* [SOURCE DATA]:
====================
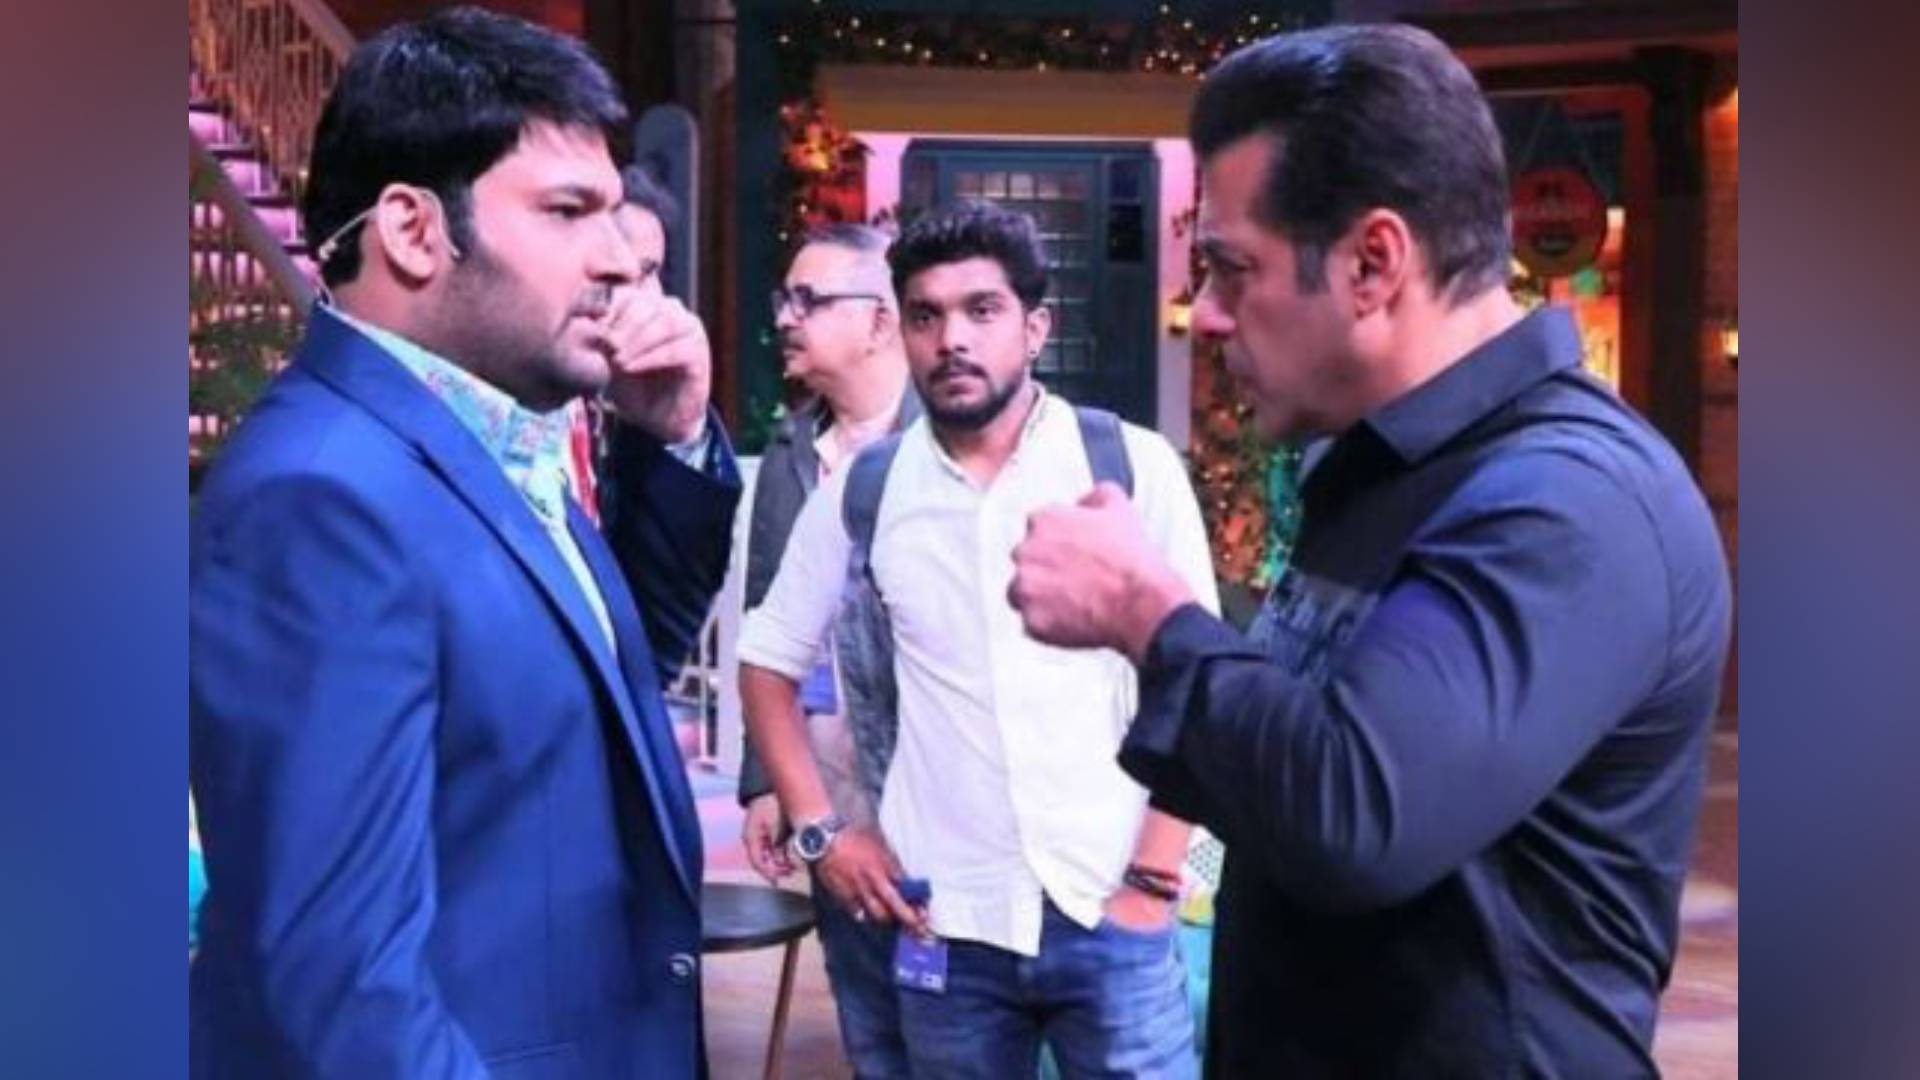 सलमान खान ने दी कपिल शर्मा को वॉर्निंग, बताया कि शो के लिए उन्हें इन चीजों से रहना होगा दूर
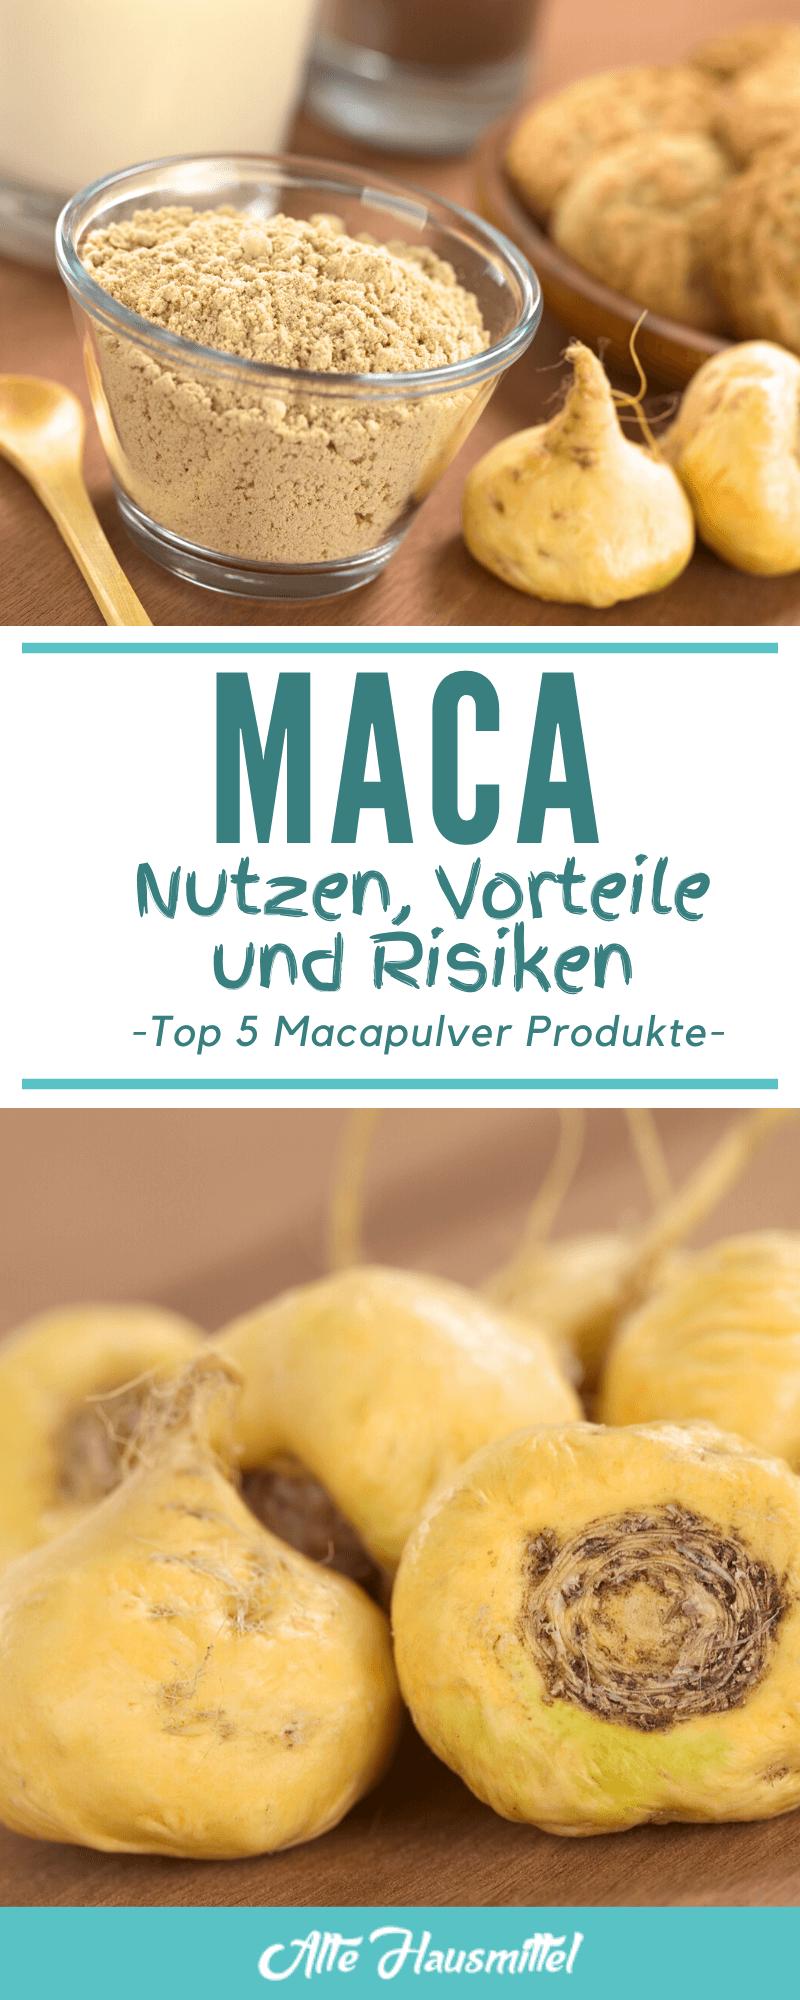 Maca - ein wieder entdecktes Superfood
====================
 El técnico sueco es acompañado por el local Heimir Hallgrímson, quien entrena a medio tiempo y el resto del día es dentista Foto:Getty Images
====================
* [EXERCISE OBJECTIVE]: Between and including the line with "सलमान खान ने" and the line with "Maca - ein wieder entdecktes Superfood", repeat every line exactly as it appears above, with pictures left out.

* [FINISHED EXERCISE]:
 सलमान खान ने दी कपिल शर्मा को वॉर्निंग, बताया कि शो के लिए उन्हें इन चीजों से रहना होगा दूर
 Maca - ein wieder entdecktes Superfood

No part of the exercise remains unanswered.